Mount Zion: Celebrating John Wesley

This article was originally shared on The Methodist Blog on 21 February 2024 and written by a member of the Connexional Media Team. You can find the original blog here: Mount Zion: Celebrating John Wesley – Methodist Church

This April marks 250 years since John Wesley first preached at Mount Zion. The Chapel stands at Upper Brockholes, in beautiful surroundings on the edge of Ogden Moor in Yorkshire. Visitors often comment on the fact that the building looks as if it has come straight out of one of the Bronte sisters’ novels, which is not surprising as the Bronte family started life in nearby Thornton and it’s possible to walk across Ogden Moor to Howarth.

Mount Zion may look idyllic in the sunshine, with its dramatic backdrop of moorland, however Wesley’s initial impression of the original 1773 chapel’s location, was not altogether favourable. He stated in his journal that ‘I rode to Bradshaw House, standing alone in a dreary waste. But, although it was a cold and stormy day, the people flocked from all quarters’ and the ‘house afforded hospitality and shelter for man and beast’.

The latter comment is significant as the existence of Mount Zion, was in part due to the inhospitable climate, which had previously caused problems. In 1772 a snowstorm resulted in impassable drifts, which left a visiting preacher stranded for a week at a Methodist society member’s house. Consequently, it was decided that a chapel was needed and in 1773 Mount Zion, Bradshaw (so called because of its location in the Anglican parish of Bradshaw), opened its doors for worship. John Wesley regularly preached at Mount Zion, staying in the cottage which still adjoins the chapel in a small first floor room now known as the ‘Prophet’s Chamber’. He made his last visit in 1790 aged 87.

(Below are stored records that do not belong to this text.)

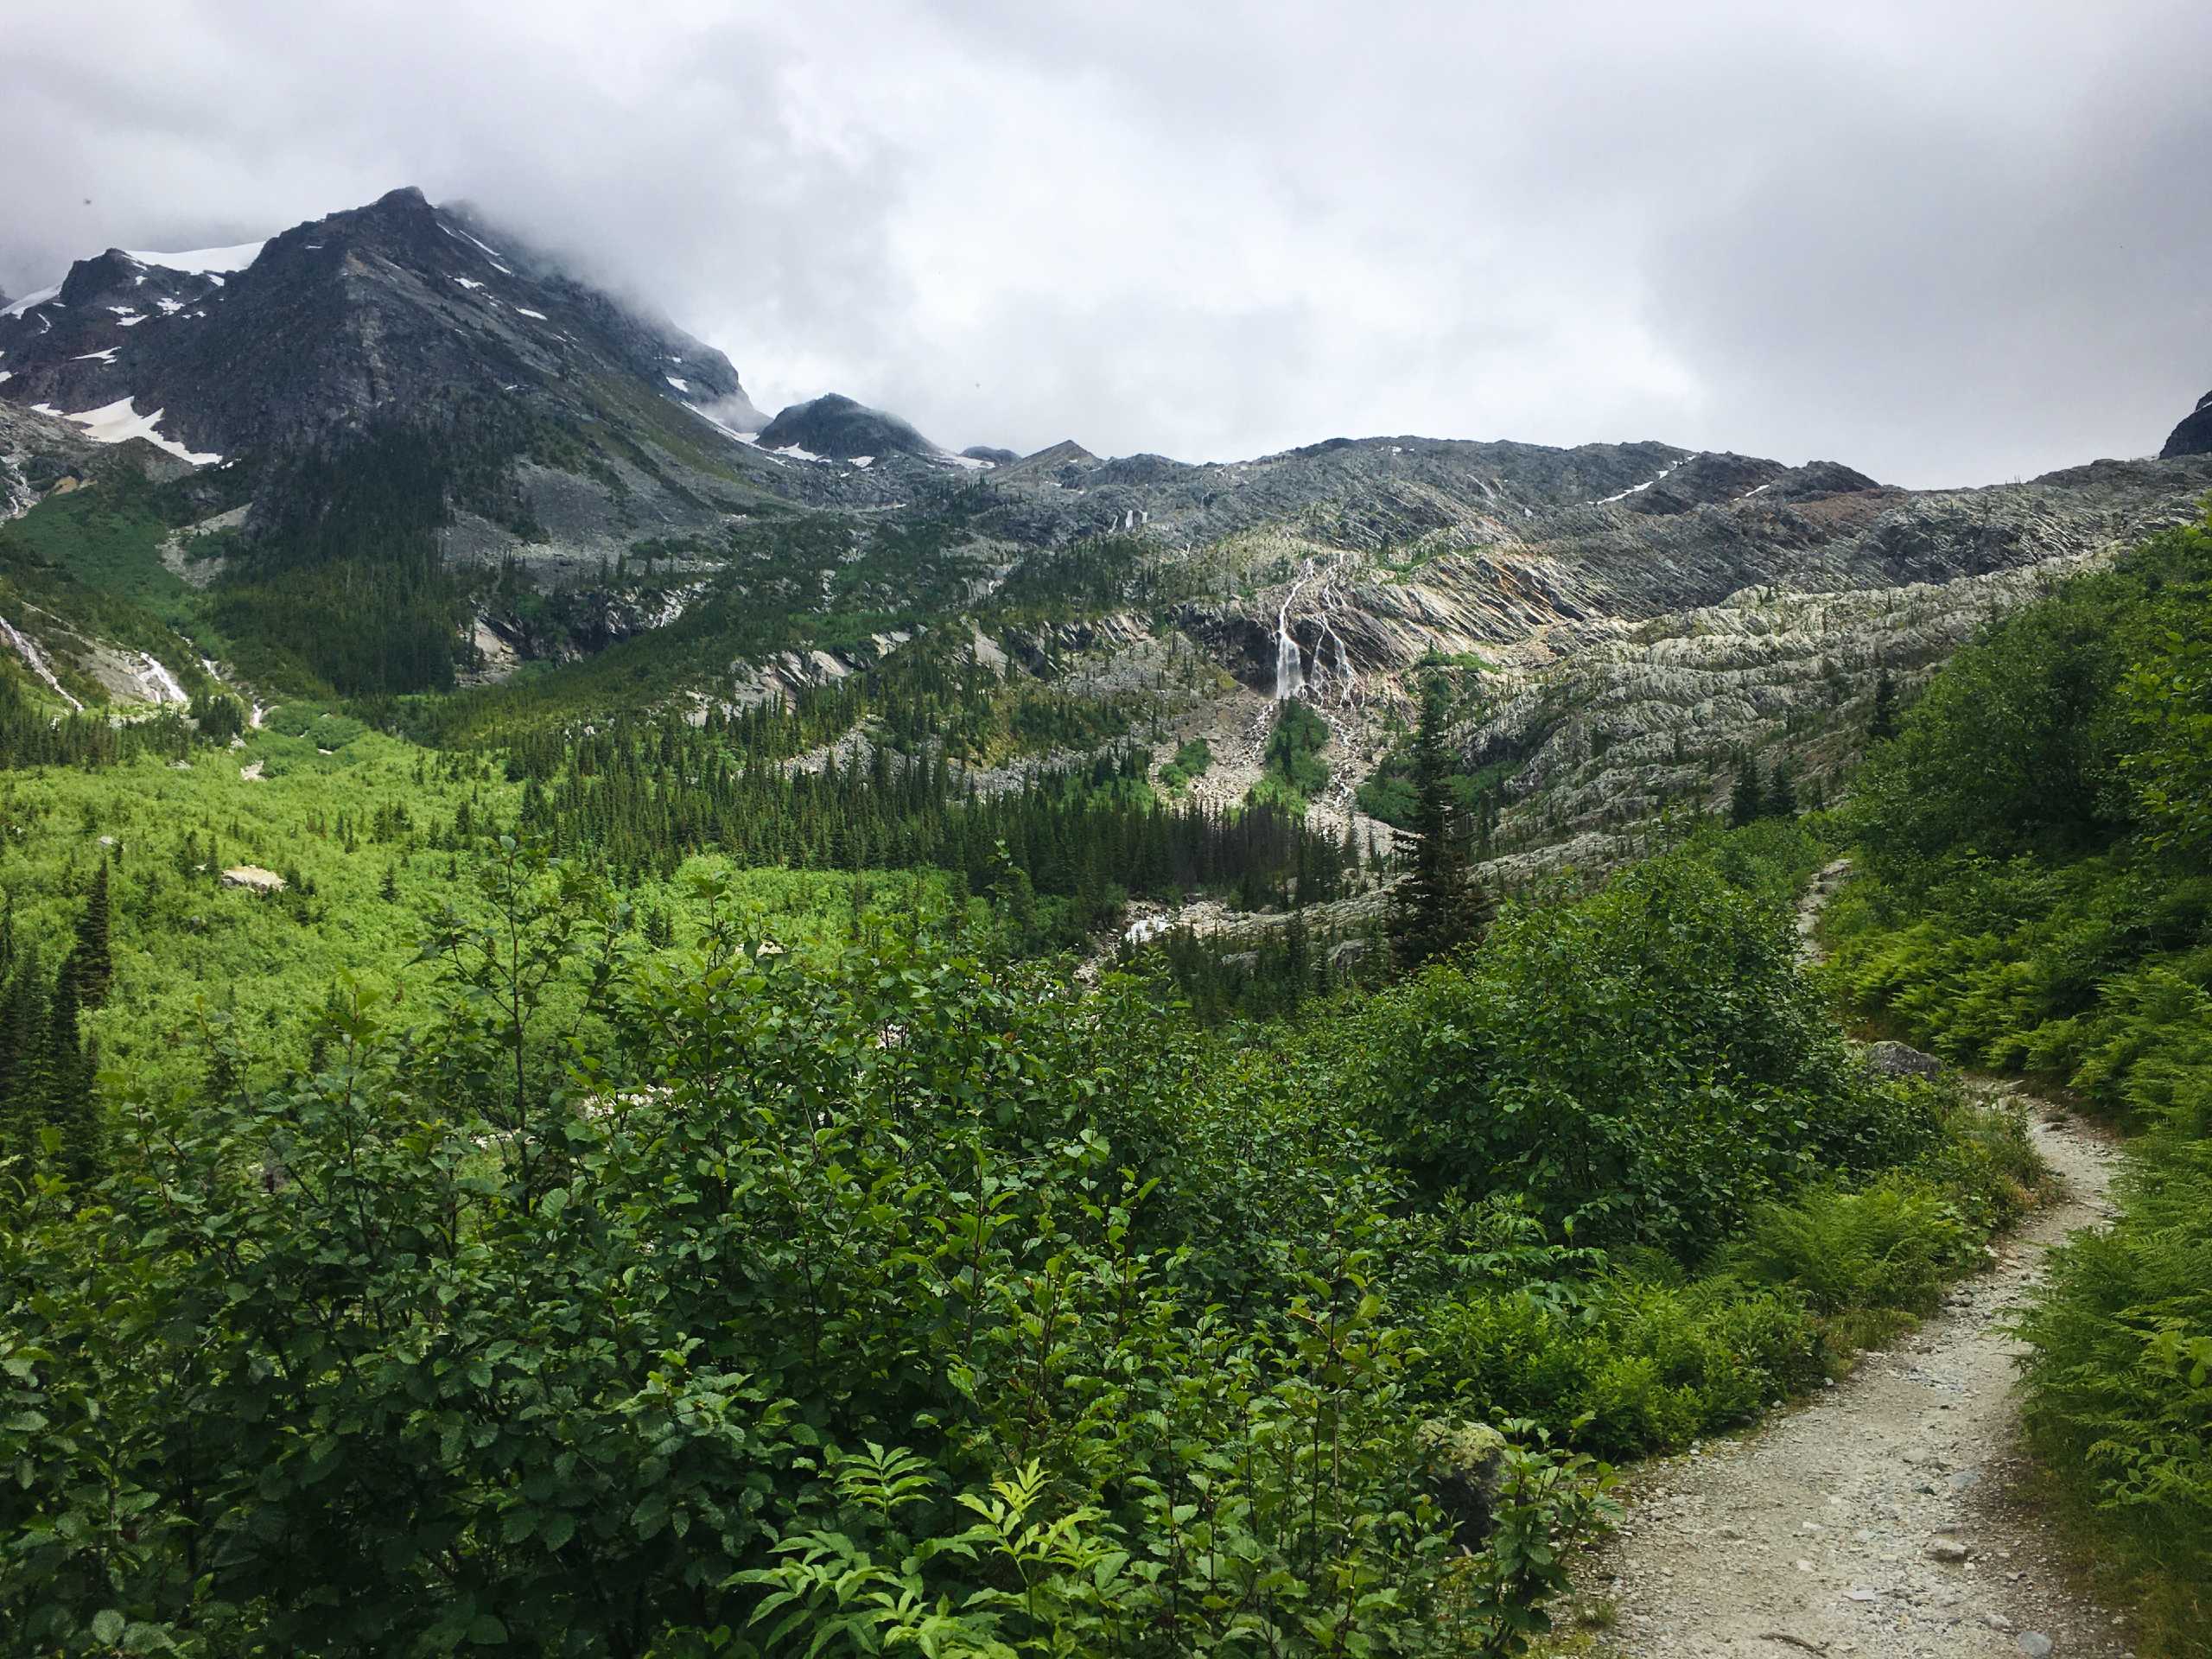 Great Glacier Trail
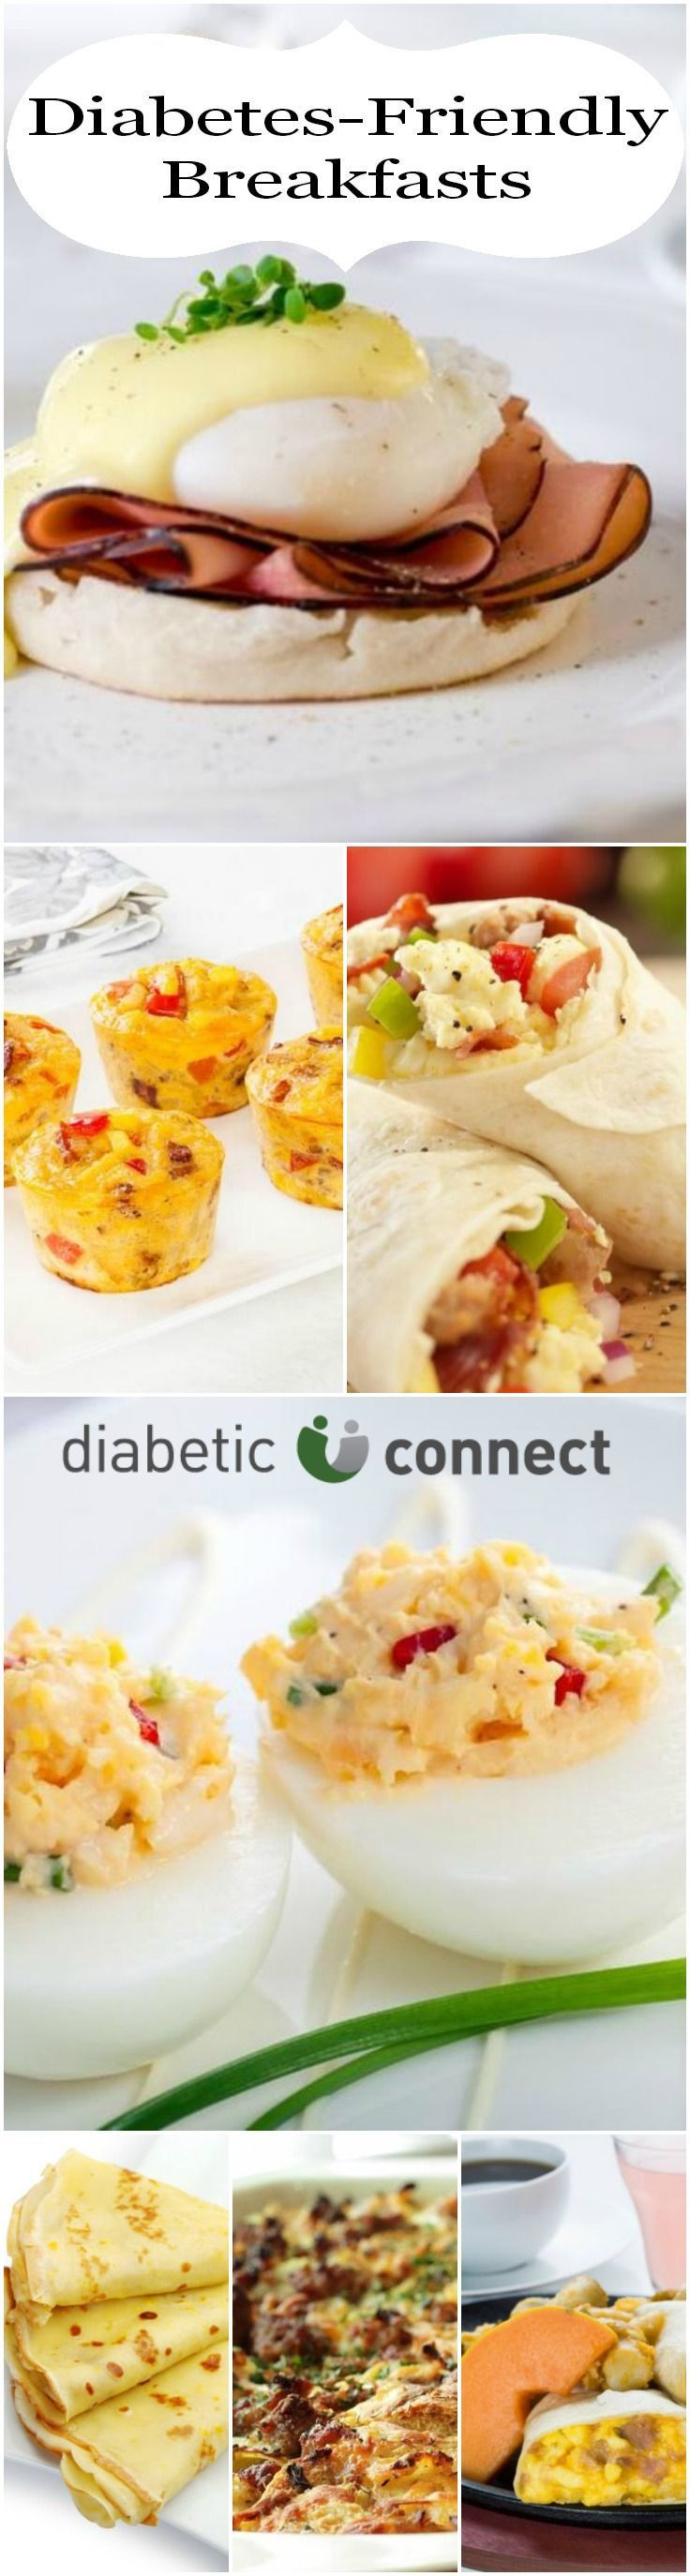 Diabetic Breakfast Recipes
 Diabetic breakfast ideas
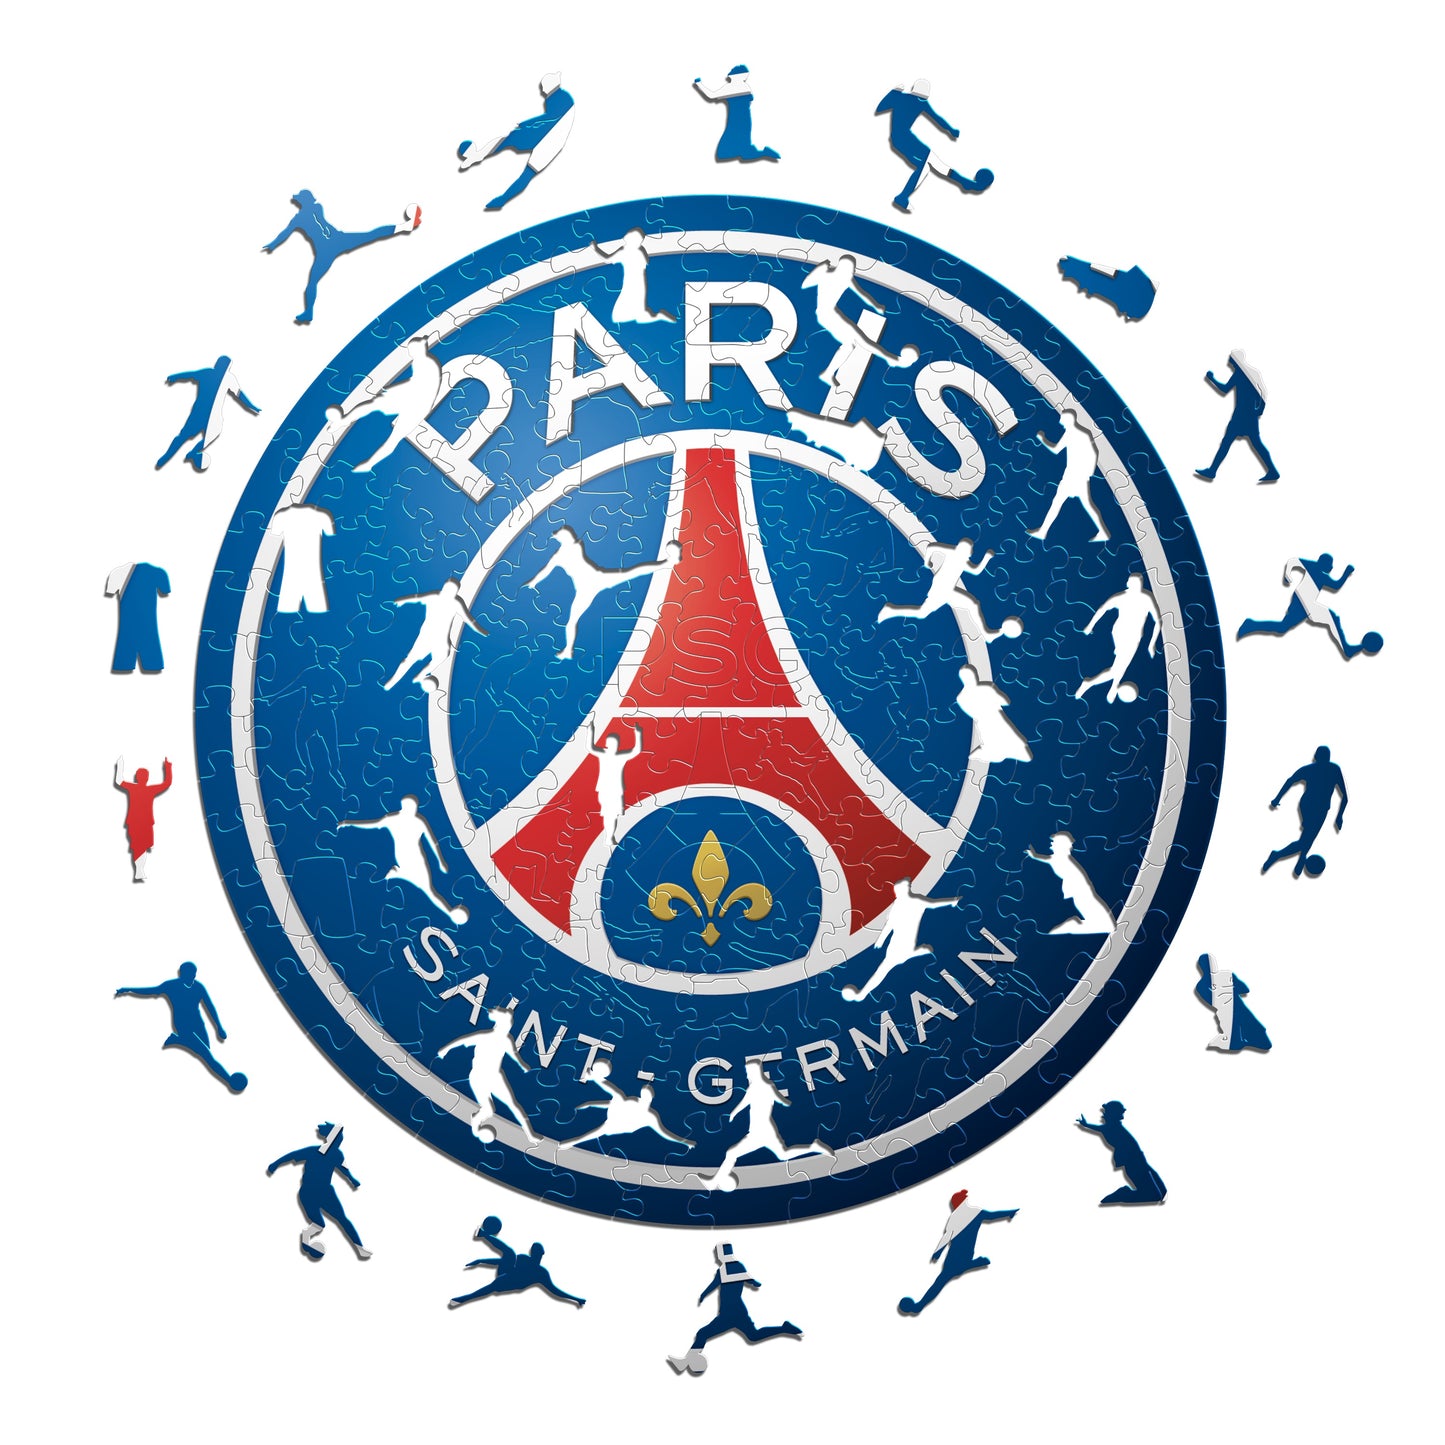 Paris Saint-Germain FC® Crest - Wooden Puzzle
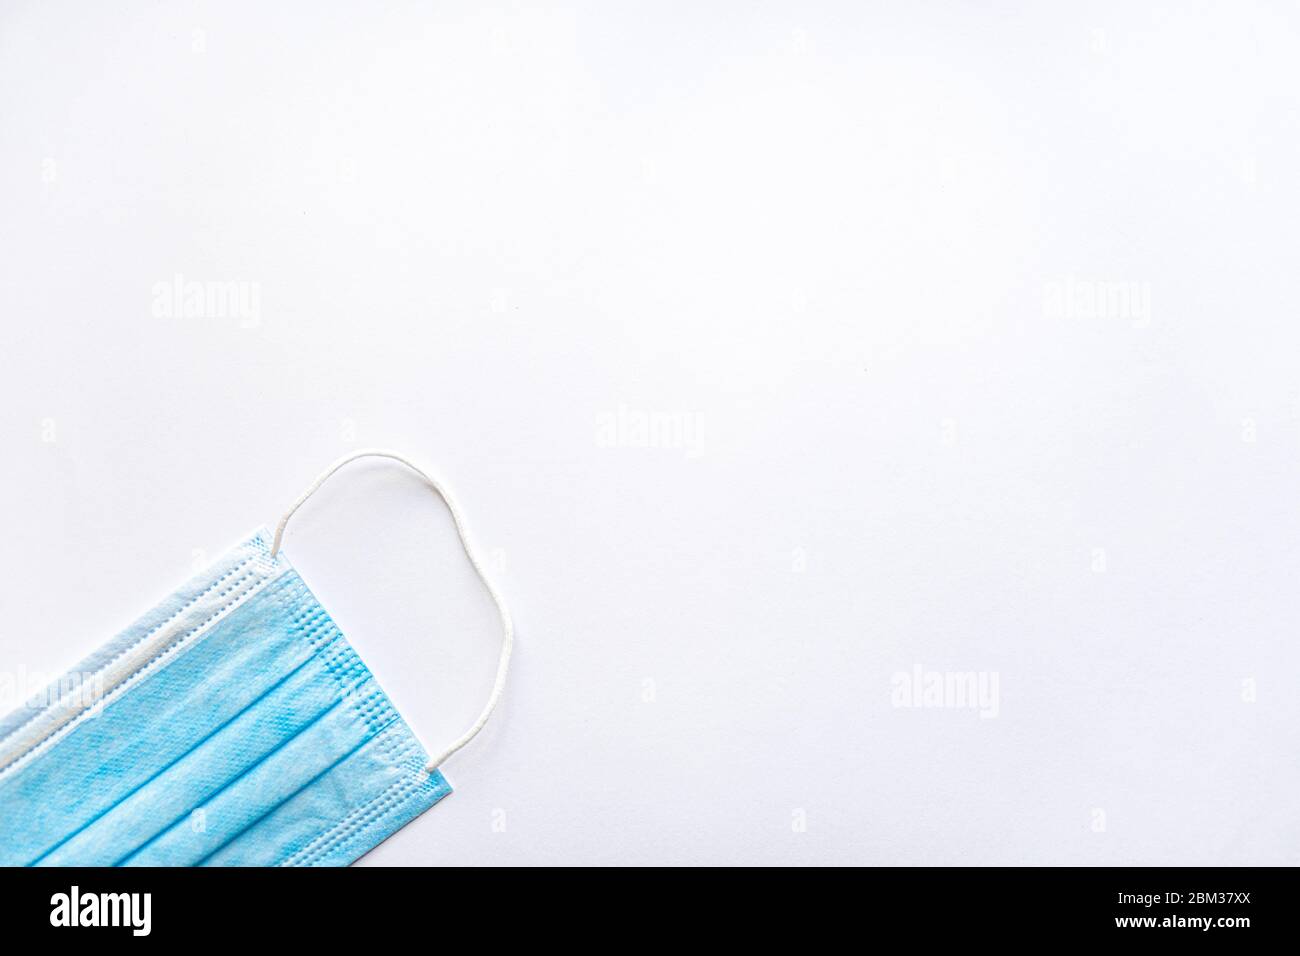 Maschera protettiva monouso blu per uso medico su uno spazio di copia su sfondo bianco. Una medicazione chirurgica chiude la bocca e il naso. Sanità, medicina, covid Foto Stock

In 1797 when the New Connexion led by Alexander Kilham, broke away from the Wesleyans, the ‘Kilhamites’ outnumbered the latter at Upper Brockholes. Consequently, the Wesleyans met in a barn directly opposite the chapel, leaving the New Connexion to meet at Mount Zion. Local legend has it that there is an underground tunnel which connects the chapel and the barn.

The meeting house was replaced in 1815, but the original foundation stone is still evident in the vestry and the 1773 sundial presides over the front exterior. The pew rent board remains in situ in the vestry and the Belgian organ from 1892 is in working order. The chapel also houses the Horace Hird collection of Methodist ceramics and a growing collection of artefacts, Methodist memorabilia, and archive material.

Regular worship at Mount Zion ceased in 2014, when it was designated as a heritage chapel. However, services still take place at least six times a year to mark key points in the Christian calendar and to celebrate important events such as the 250th Anniversary of Wesley preaching at Mount Zion, which will be marked this year on Sunday, 21 April, with a special service celebrating Mount Zion’s continuing presence in the local community. The celebration will be led by Reverend Kathie Heathcote and District Chair Kerry Tankard, with an address from Methodist Vice-President, Kerry Scarlett.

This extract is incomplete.